Mata Daniel seketika terbuka. Ia menatap kembali langit-langit kamar, namun ia tidak berada di apartemen. Ia menoleh, dan mendapati wajah cantik istirnya memandang dengan perasaan cemas.
“Kau tidak apa-apa?” tanya istrinya.
Daniel tidak tahu harus berkata apa. Wajahnya telah basah oleh keringat dingin, begitu juga dengan kaos yang ia kenakal. Ia sadari beberapa detik kemudian bahwa ia berada di kamarnya, di rumahnya di desa.
“Katakan padaku!” pinta Daniel. “Bahwa aku kini berada di dunia nyata.”
“Ap yang kau bicarakan?” tanya istrinya. “Daniel, aku mulai khawatir. Kau mengigau sejak satu jam yang lalu. Dan kau menggumamkan kata-kata yang…”
“Jam antik itu!” potong Daniel. “Dimana benda itu?”
“Jam antik?”
“Jam saku mengkilat yang aku beli…”
“Daniel!” potong istrinya. “Kau tidak membeli jam itu, kau ingat?”
“Apa?”
“Kita sempat mempertimbangkannya kemarin siang.” Ucap istrinya. “Kau ingin menambah koleksi barang antikmu, tapi kau berkata bahwa kau mendapatkan firasat buruk dari jam itu. Dan kau batal membelinya.”
Daniel mengerjap. Ia pukul pipinya sendiri, dan rasa sakit itu nyata. Ya. Ia kini berada di alam nyata. Di waktu yang benar, dan tepat. Daniel terkekeh, tersenyum, senang, tidak tahu lagi harus berkata apa.
“Oh…” desahnya.
“Apa yang terjadi?” tanya istrinya.
Daniel memandangi istrinya. Ia belai wajah itu, dan kini ia syukuri bahwa ia telah berada di masa yang tepat.
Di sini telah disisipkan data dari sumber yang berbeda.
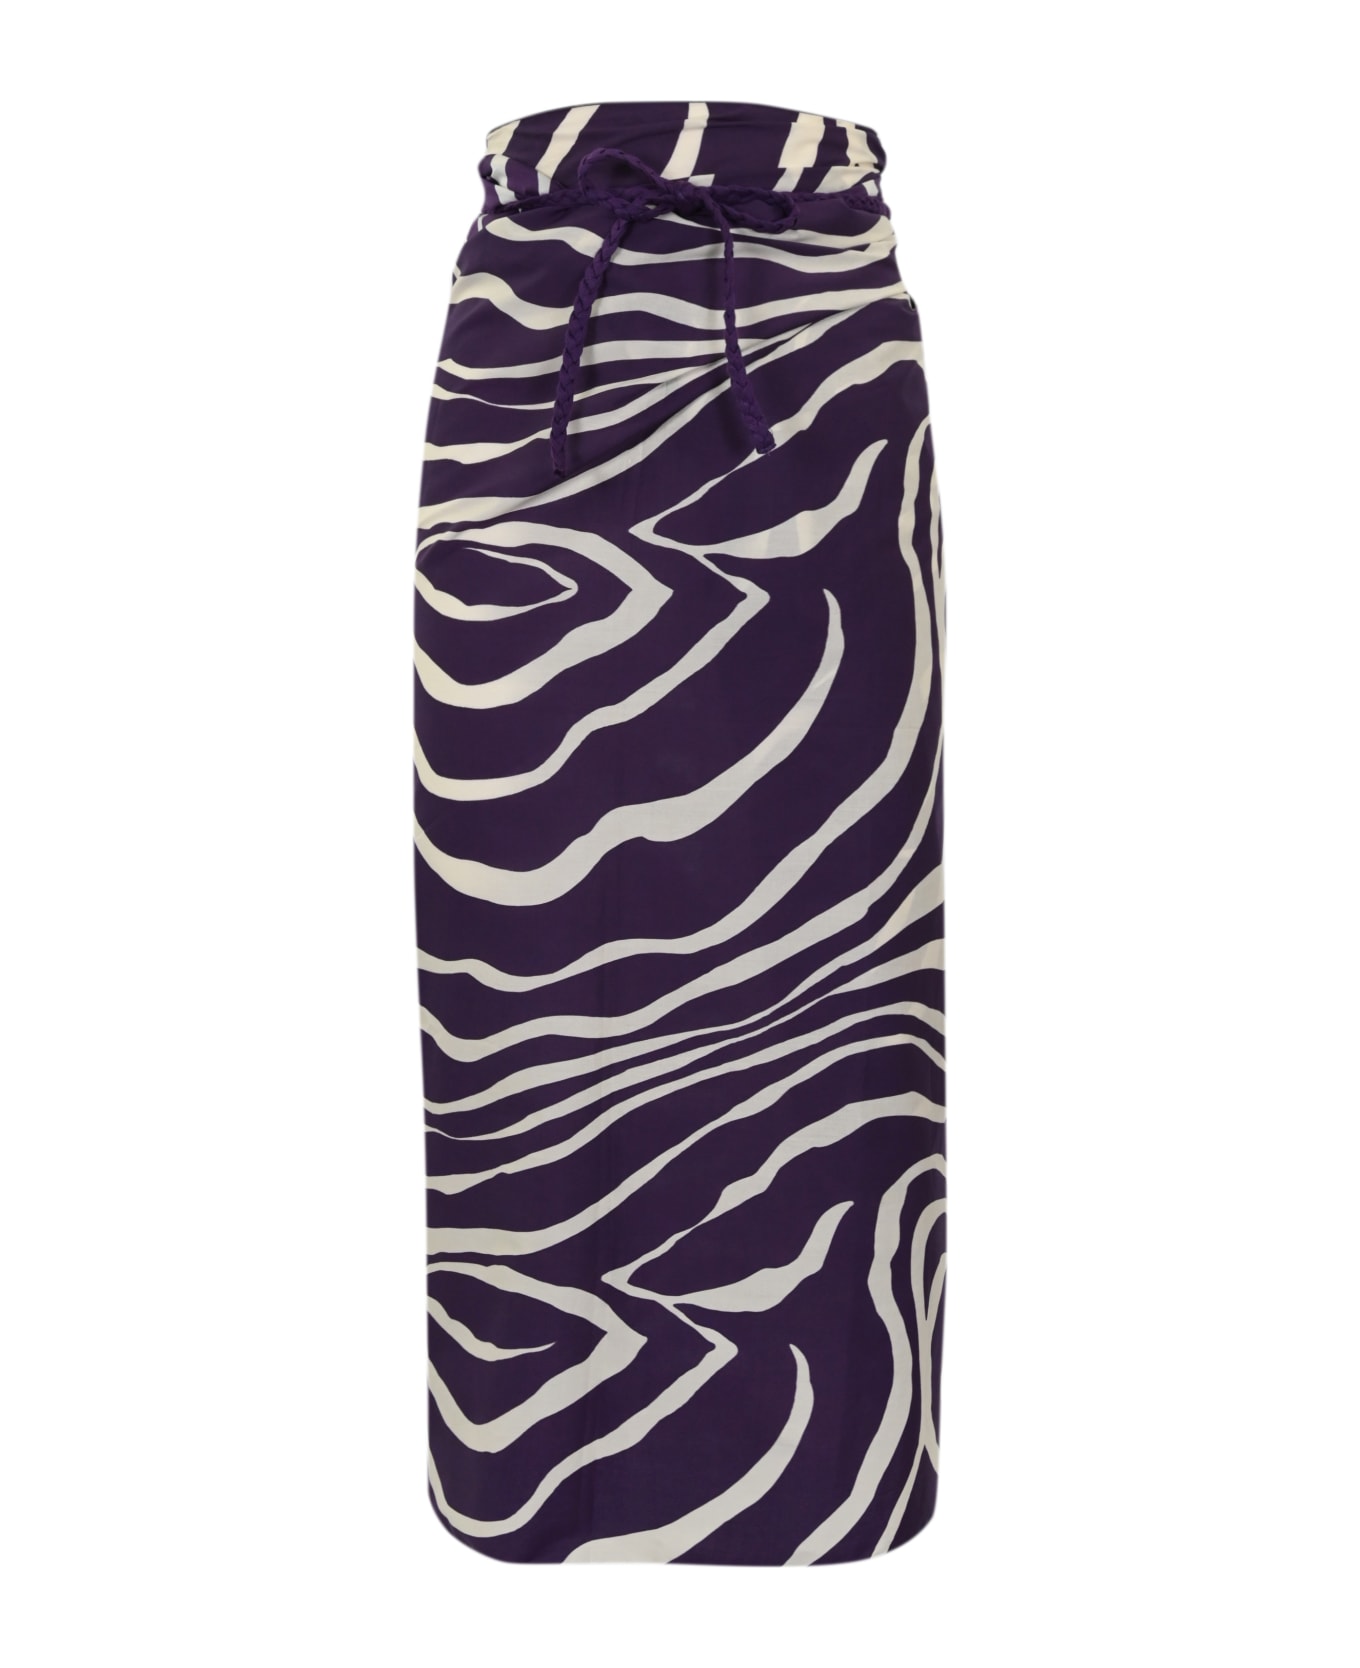 Liviana Conti Zebra Sarong Skirt - Venatura bacca スカート

Di ruangan yang nyata, di kehidupan yang jauh lebih baik.
“Serentetan mimpi buruk yang terlalu buruk.” Ucap Daniel. “Dan aku senang bisa terbangun.”
“Kau mau menjelaskannya?”
“Mungkin besok pagi.” Ucap Daniel. “Sekarang aku merasa terlalu senang.”
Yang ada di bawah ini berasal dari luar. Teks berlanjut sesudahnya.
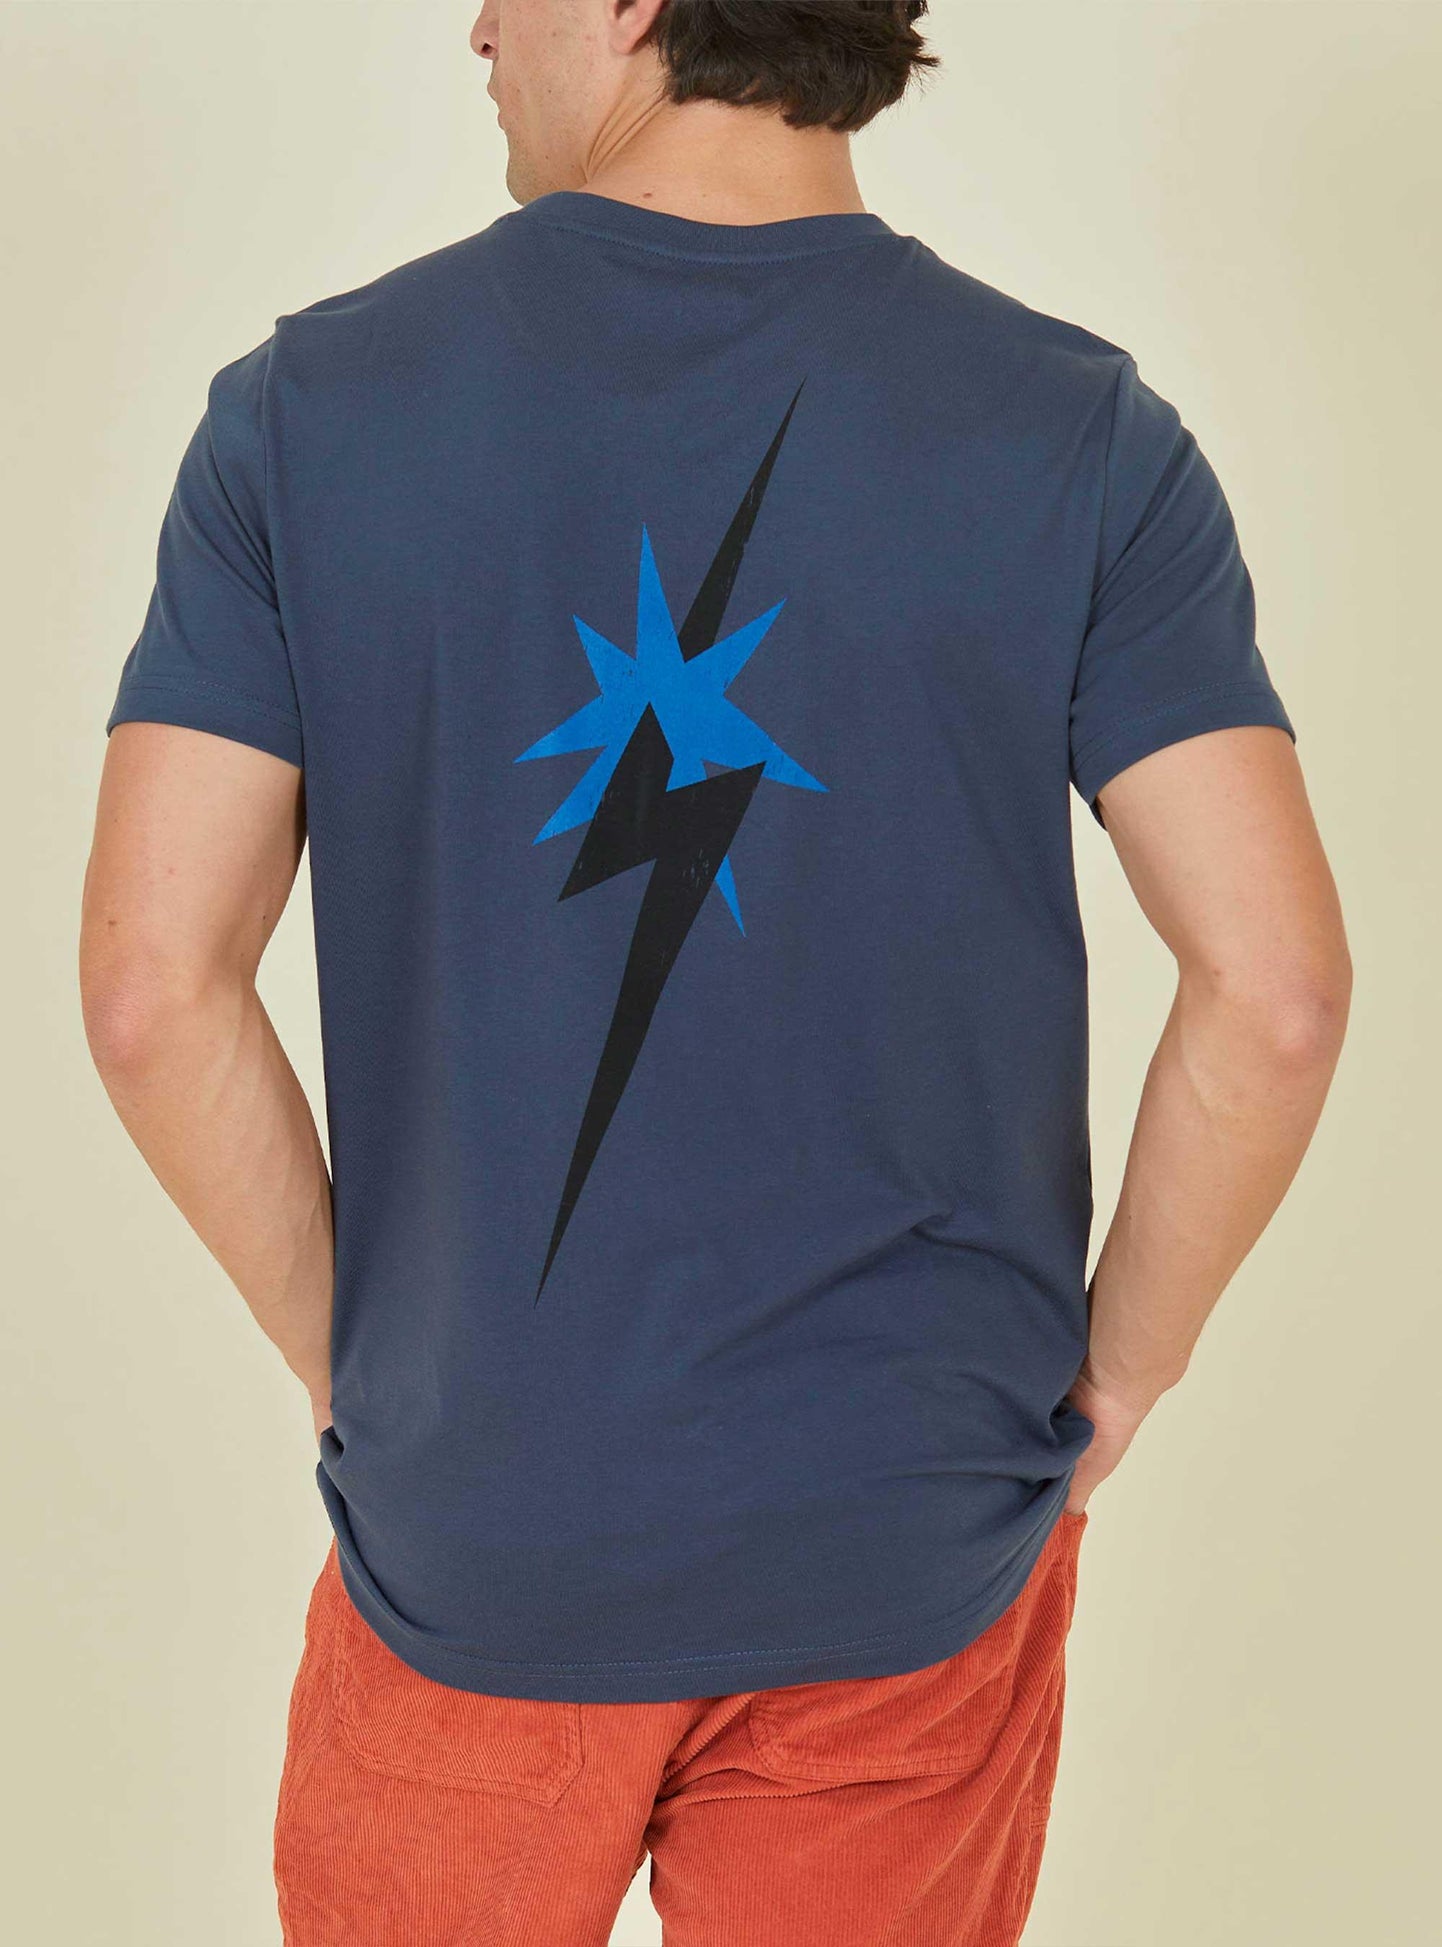 Camiseta De Manga Corta Lightning Bolt Starbolt Tee - Confort Y Calidad Portuguesa  MKP

Ya. Daniel pada akhirnya menyadari bahwa semua yang terjadi, mengenai tawa jam antik itu, dan jam yang terus terlambat itu, hanyalah mimpi. Mimpi yang begitu panjang, begitu mengikat, dan seolah nyata. Daniel tidak tahu bagaimana ia bisa keluar dari mimpi itu.
Ia ternyata tidak jadi membeli barang antik itu. Jam saku tua itu. Jika saja ia membelinya keamrin siang, mungkin apa yang terjadi di dalam mimpinya akan terjadi padanya?
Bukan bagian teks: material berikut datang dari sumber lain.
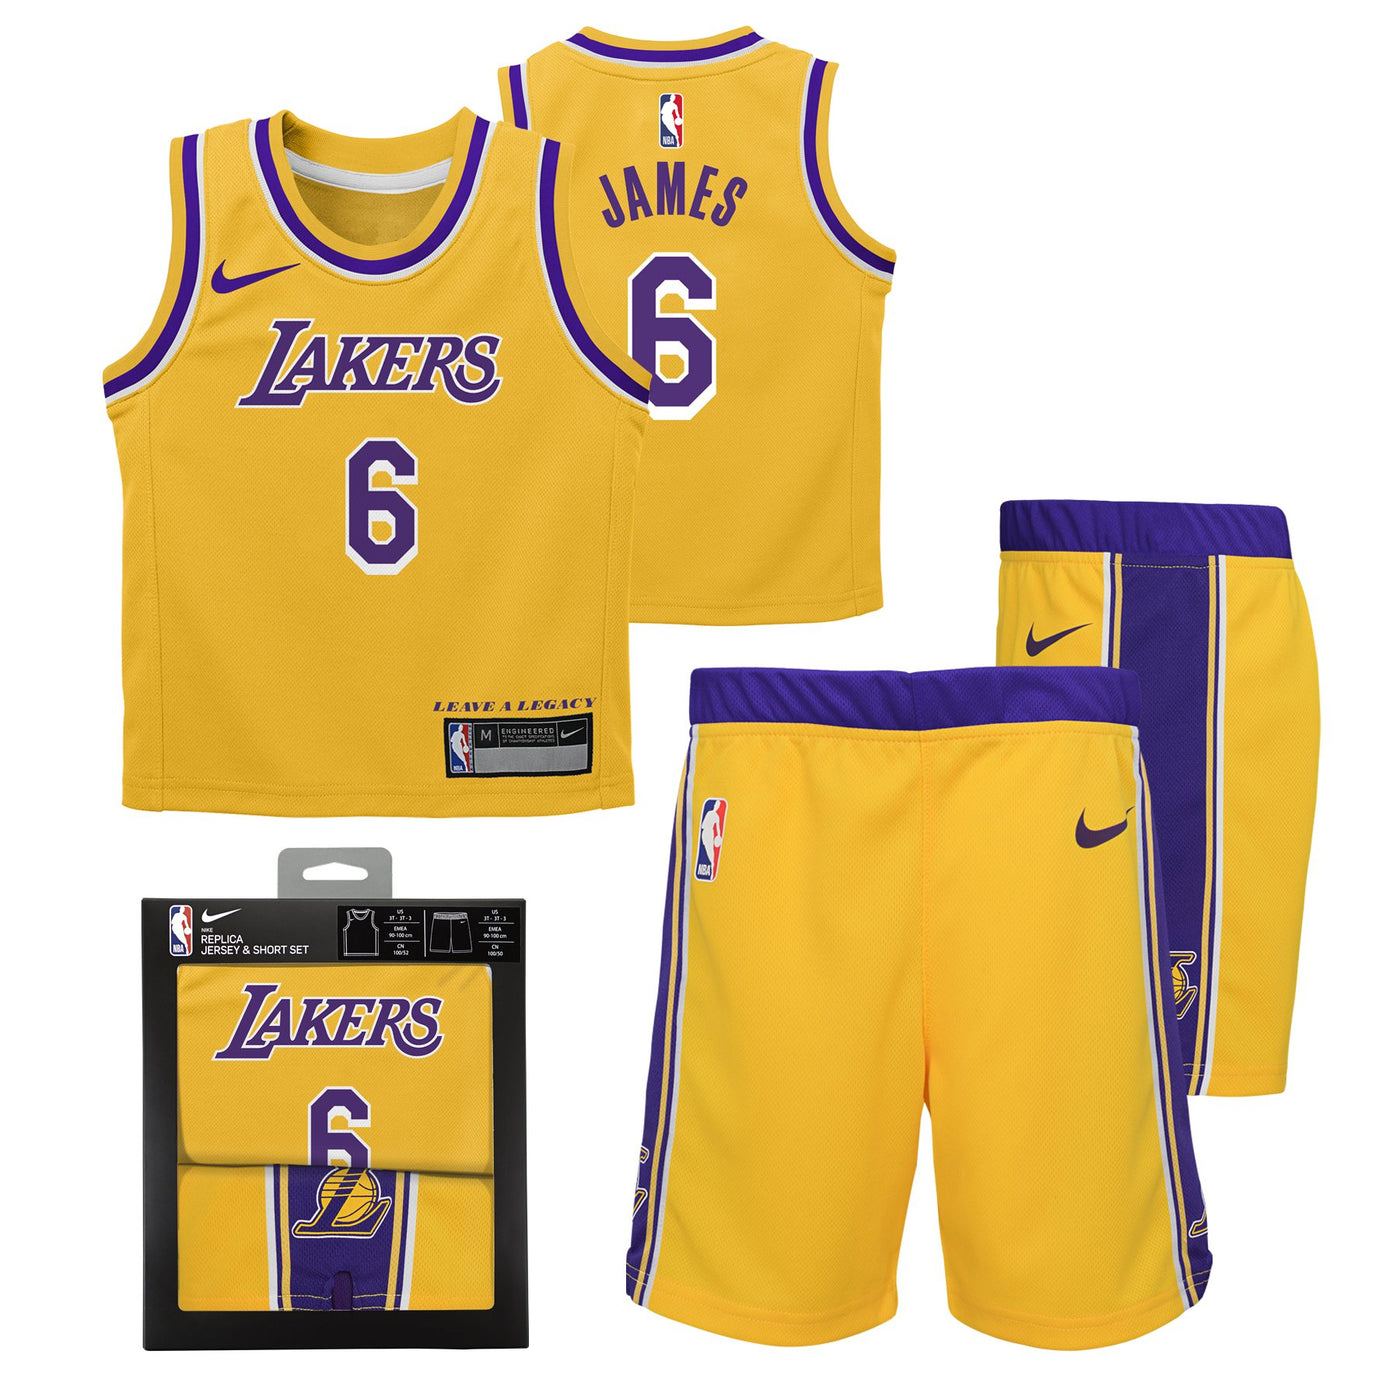 Lebron James Toddler Jersey Infant Size 12m Purple Nike NBA Los

Jam antik yang terkutuk. Daniel merasa bahwa di satu waktu ia tidak mempercayai hal-hal berbau supranatural. Namun kini ketika mimpinya berakhir, ia mulai merasa bahwa ada begitu banyak hal di dunia ini yang tidak isa dijelaskan dengan akal sehat. Seperti mimpi yang baru saja ia dapatkan.
“Mimpi buruk.” Gumam Daniel setelah kembali berbaring di kasur yang ia tempati.
“Akan akan menceritakan segalanya besok pagi.”